__Task goal__.
Word for word, print each line of the listing below; pictures stay out.

__Given information__.
▼▼▼

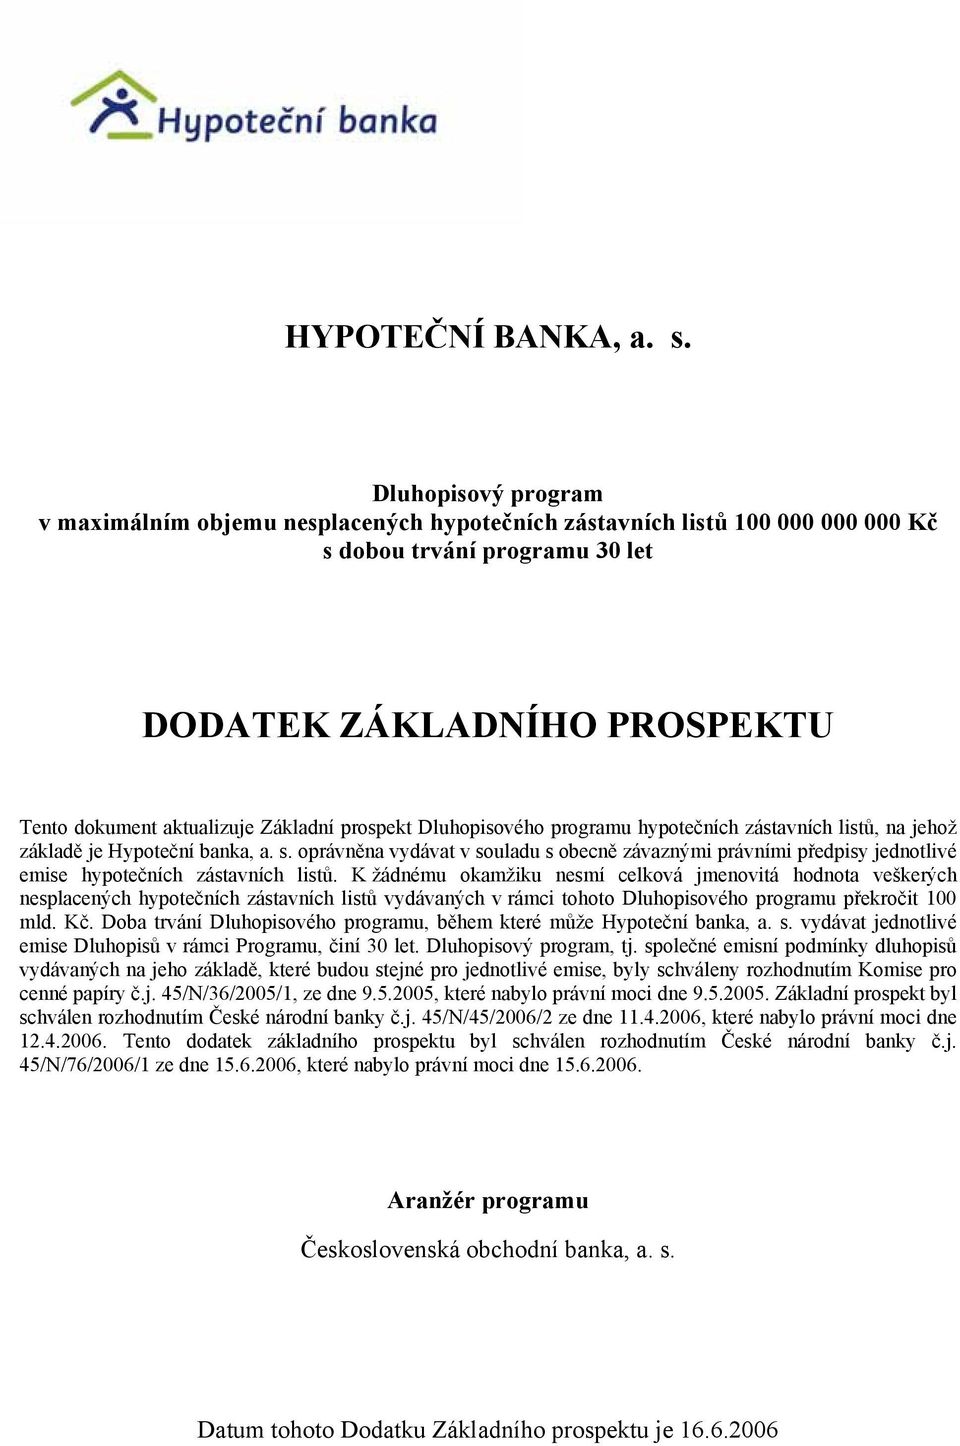 prospekt Dluhopisového programu hypotečních zástavních listů, na jehož základě je Hypoteční banka, a. s.
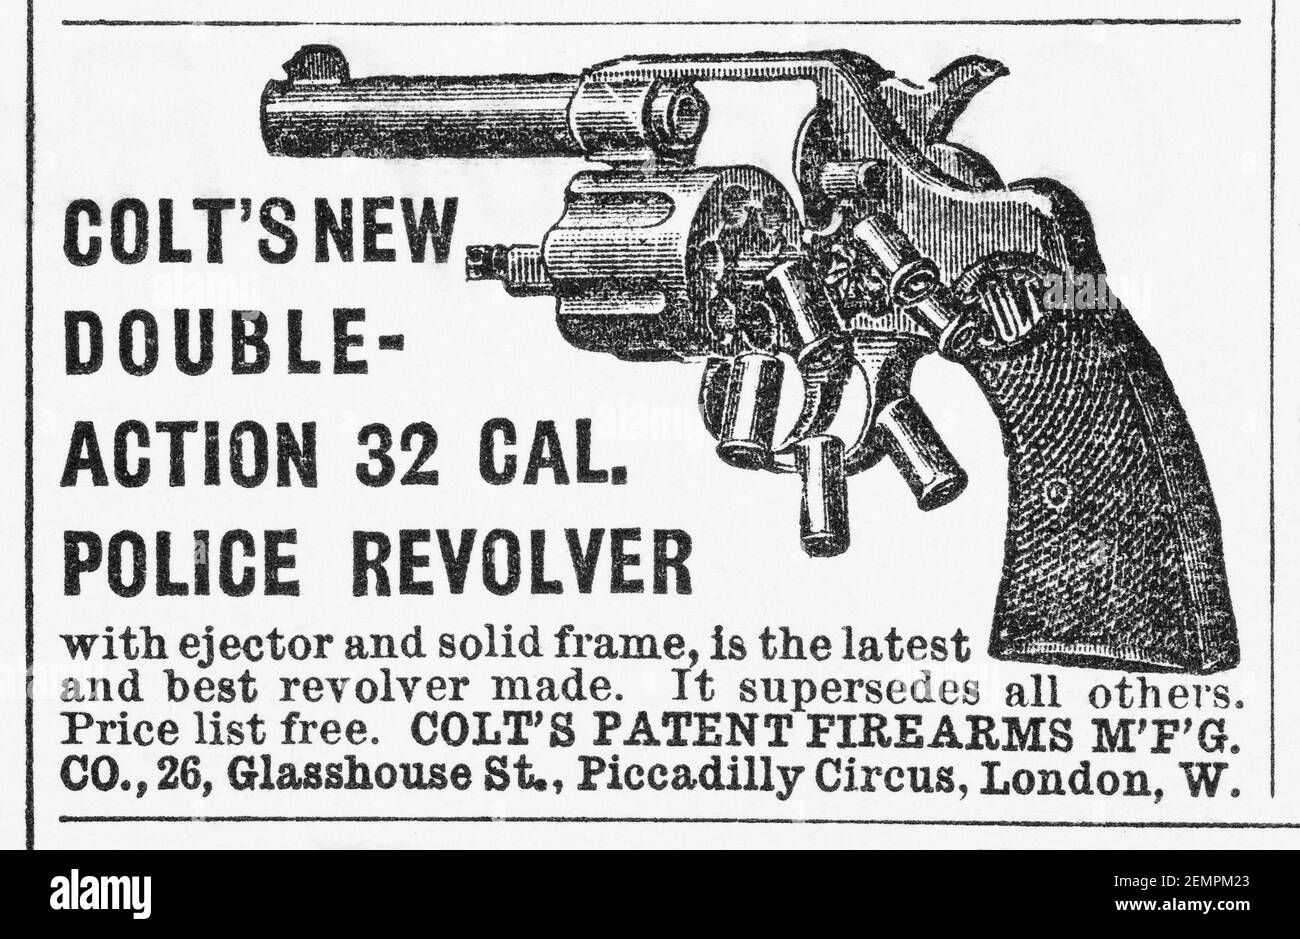 Antiguo anuncio de armas de fuego de Colt en el Reino Unido de 1897 - antes de los albores de los estándares de publicidad y cuando las armas de fuego fácilmente disponibles. Historia de la publicidad, viejos anuncios. Foto de stock
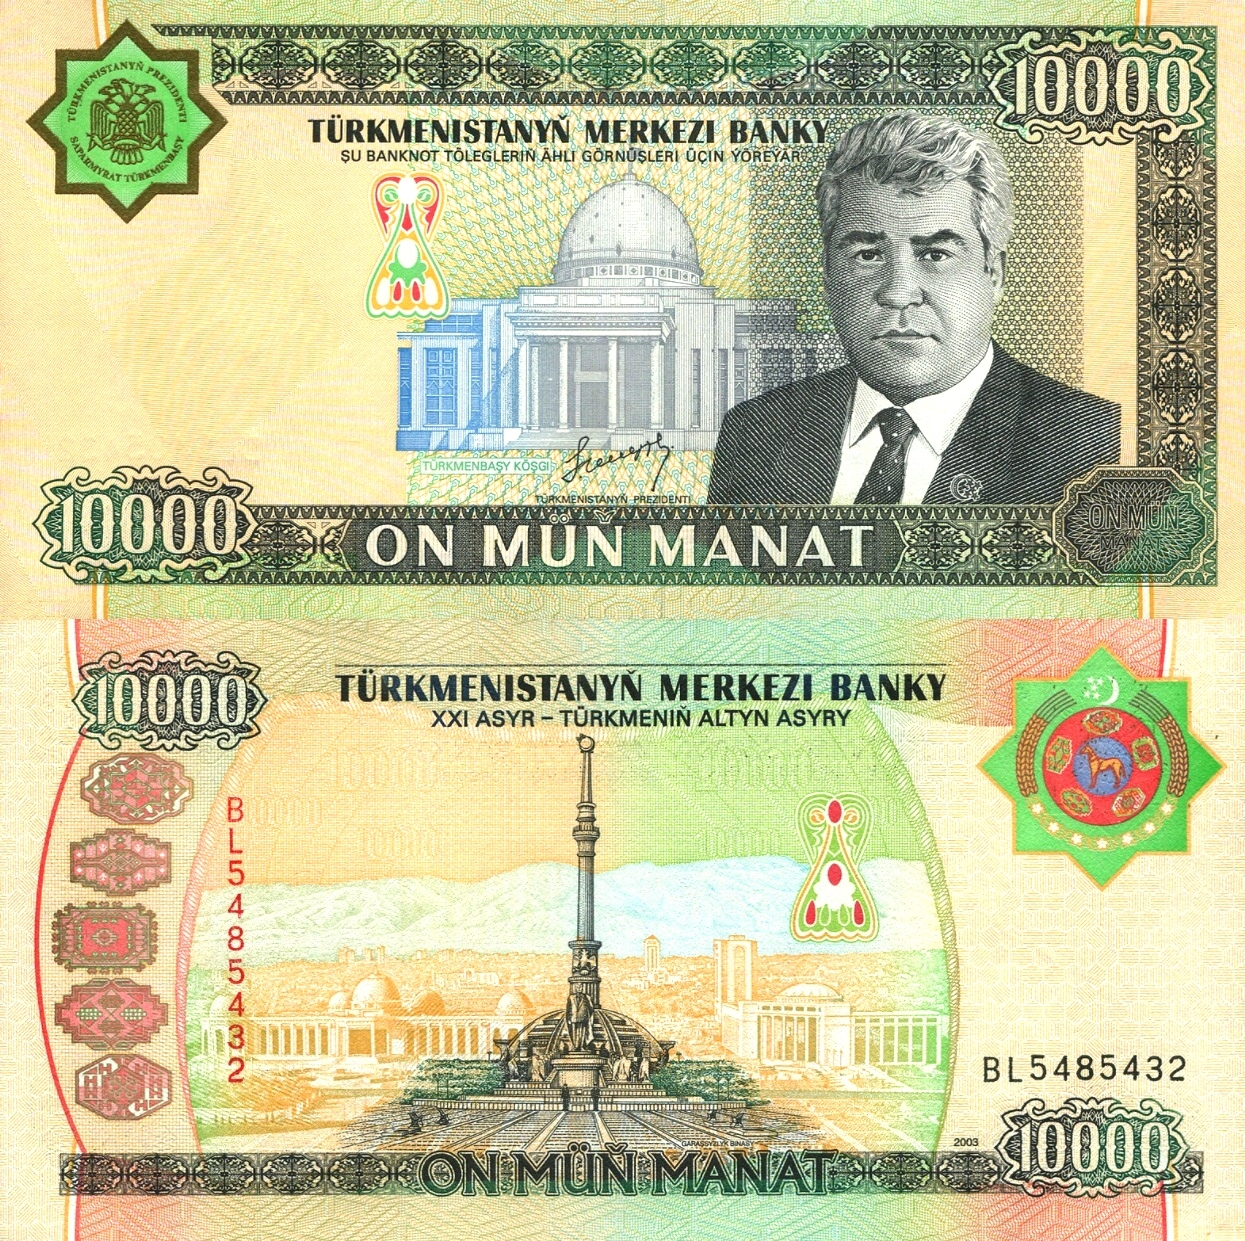 # TURKMENISTAN - 10000 MANAT - 2003 - P-15 - UNC

▲▲▲

__Completed task__.
 prospekt Dluhopisového programu hypotečních zástavních listů, na jehož základě je Hypoteční banka, a. s.
 Antiguo anuncio de armas de fuego de Colt en el Reino Unido de 1897 - antes de los albores de los estándares de publicidad y cuando las armas de fuego fácilmente disponibles. Historia de la publicidad, viejos anuncios. Foto de stock
 # TURKMENISTAN - 10000 MANAT - 2003 - P-15 - UNC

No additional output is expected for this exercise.